I’ve had the pleasure of a few conversations with people less pale than I am about the subject of race, and most of them took place over a beer or two or more. It’s about the ritual of the process as much as the beverage, which is why Obama’s choice of Bud Light isn’t all that important – it’s not my problem that he doesn’t like beer.
When this whole thing got way overblown in the media, the only sensible and civilized thing to do was to sit down and have a beer about it. Amazing things can happen when people give themselves up to the idea that no matter what your dispute is, downing a pint of your fave foam with someone is an act of contrition, brotherhood, or at the very least tolerance. We’re all just people, and we might agree to disagree on many things – but we can all enjoy a cold one.

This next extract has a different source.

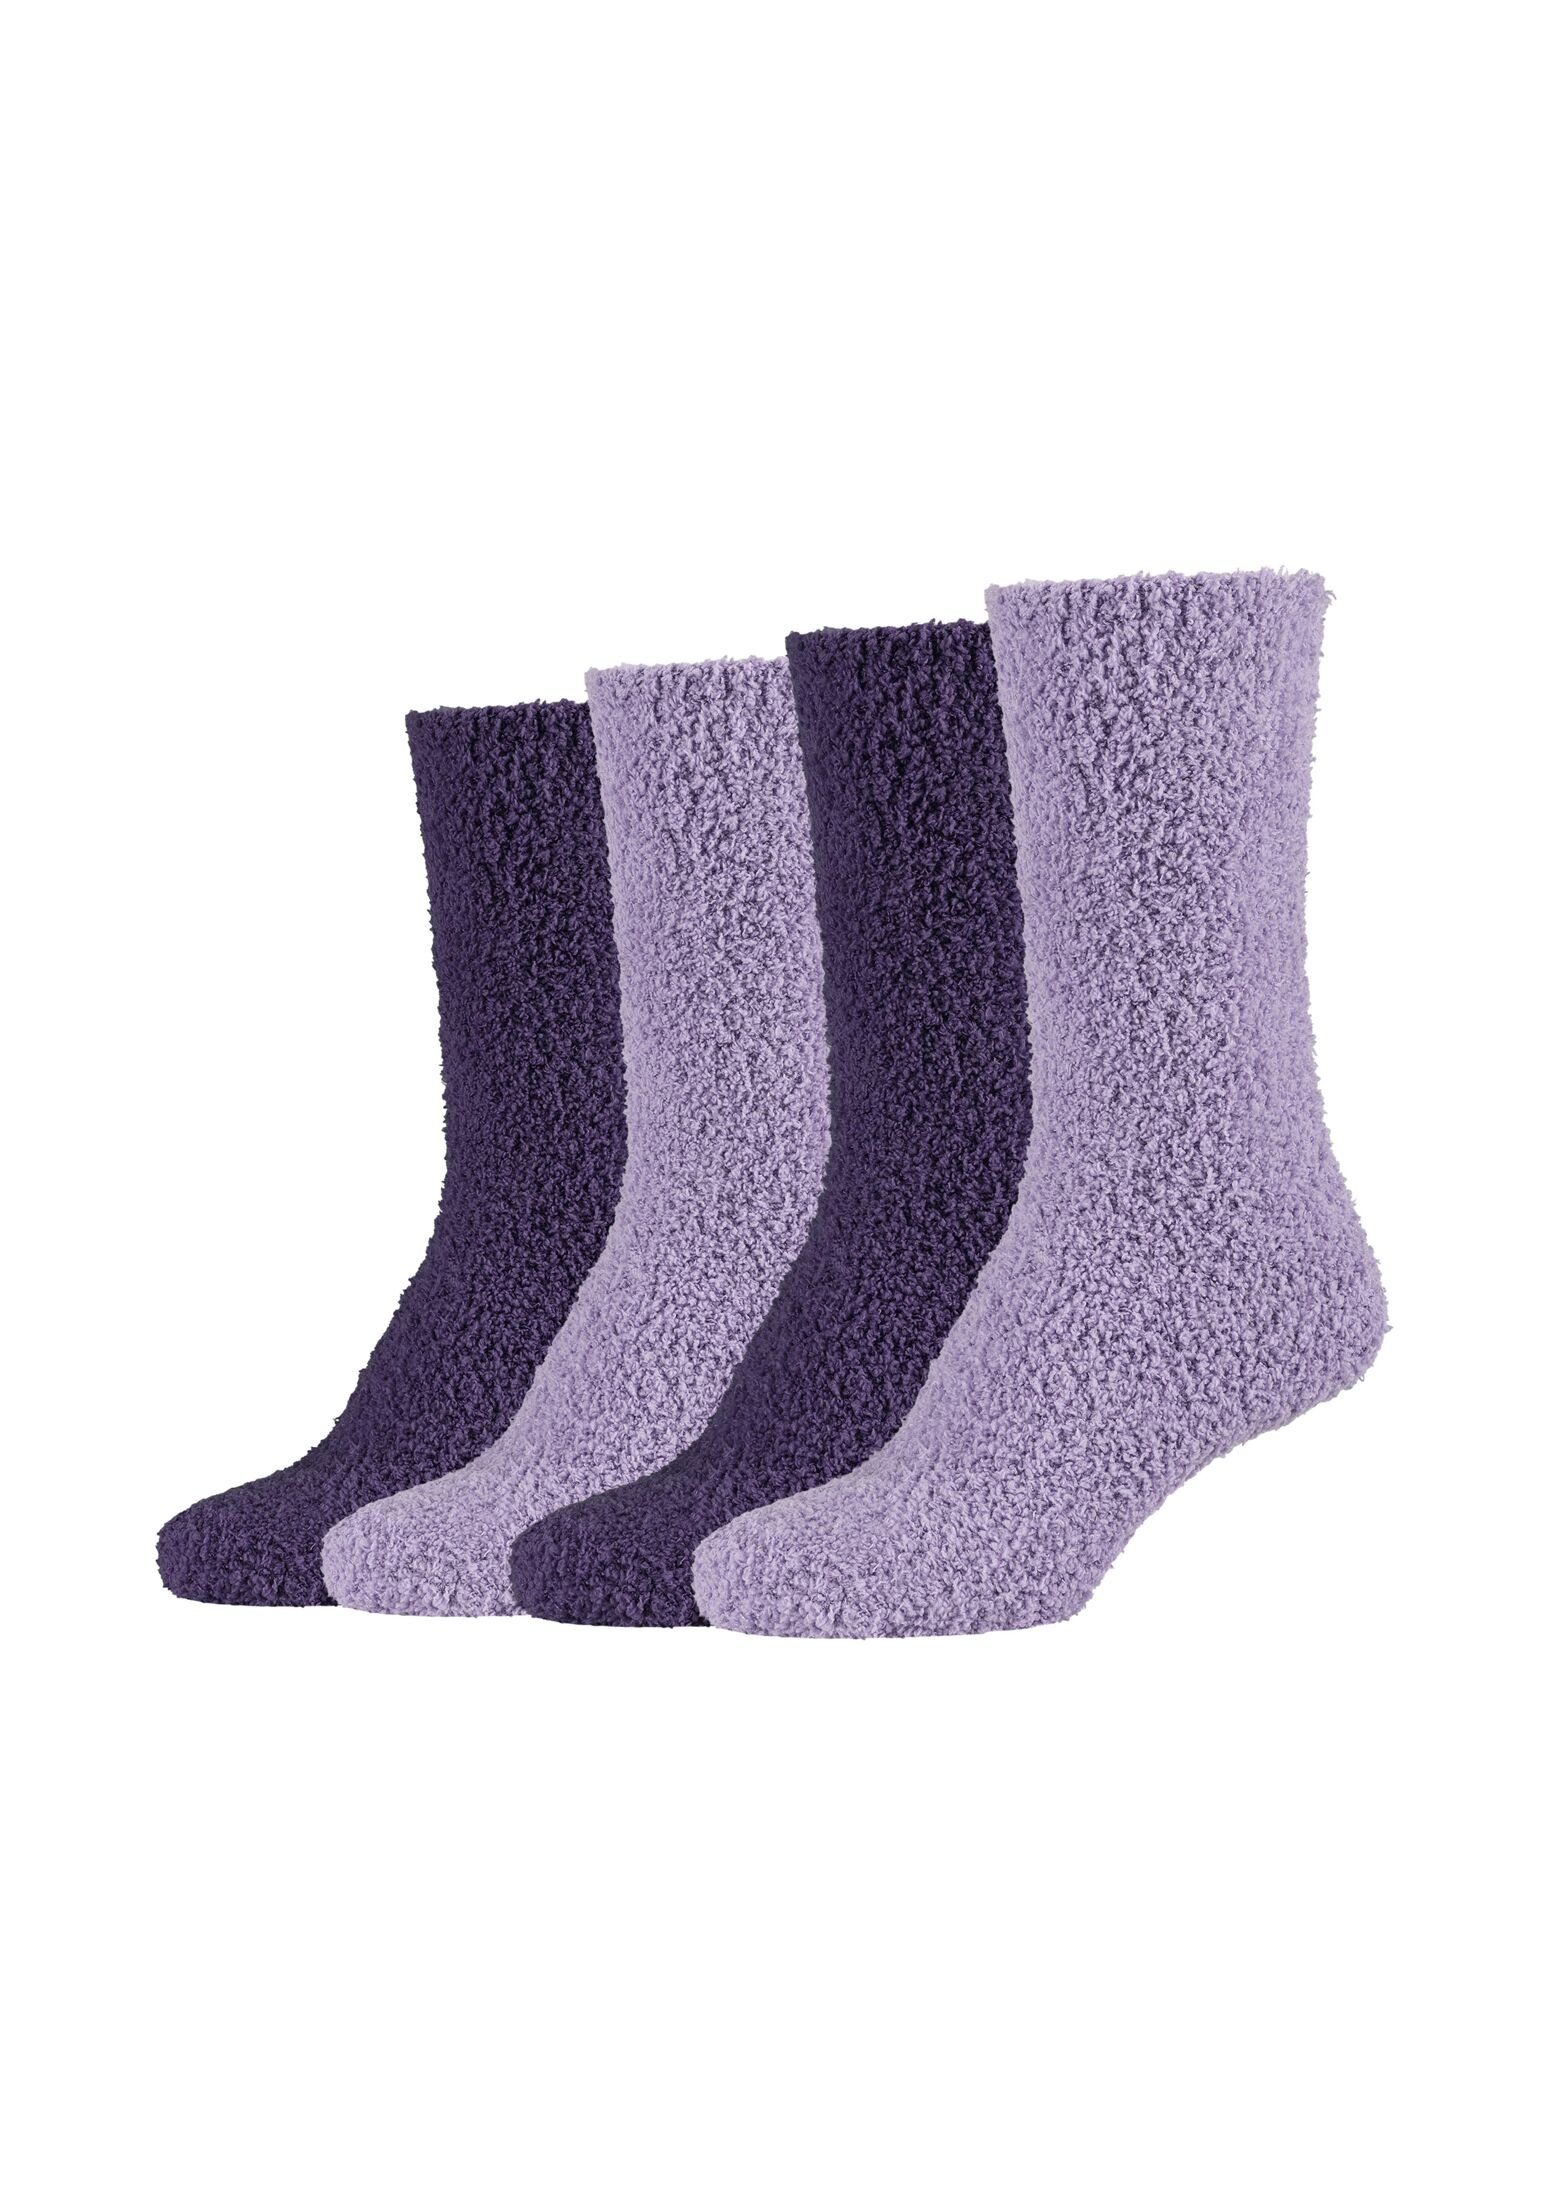 Warm Socken Damen Flauschig Cosy purple Socken mulberry Lang Kuschelsocken Camano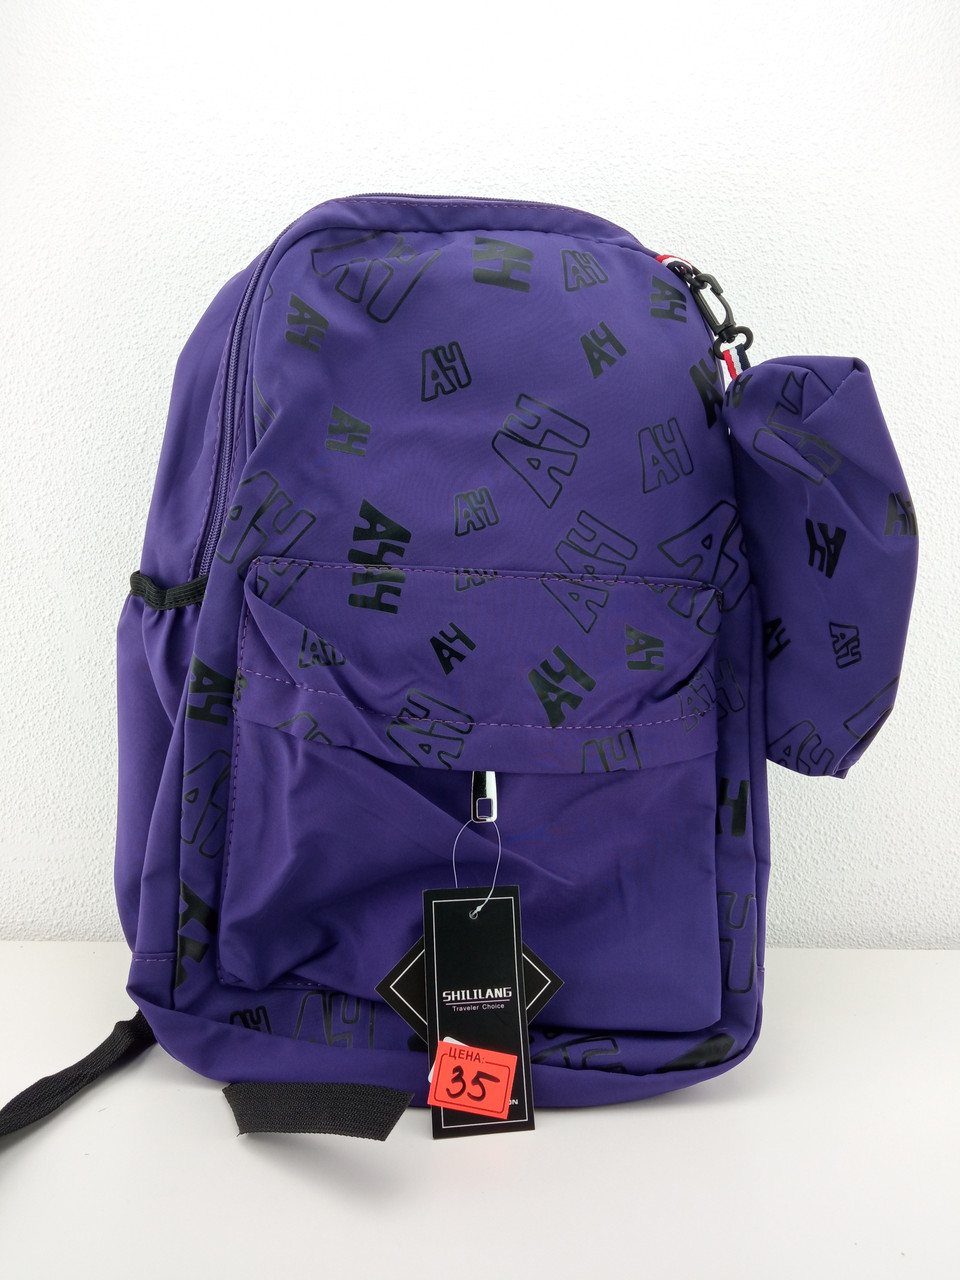 Рюкзак "AH" фиолетовый 42 х 30 см с пеналом, фото 1

In the end, the event was just another White House photo-op in many ways. But what it said to everyone is that there are ways of getting past all the terrible ghosts that have been haunting us since this nation first declared it independence. We may not all agree on everything, but that’s not important. We’re all people. We know enough to be civil and decent to each other.
If it takes some time over a few beers to make that clear, then it’s time well spent. In fact, there’s no better use of time than to spend it getting to know someone you have a serious disagreement with because they might just change your mind on a thing or two. I’ll bet a lot of Sumerians were convinced of that after all that grain produced something as cool as beer.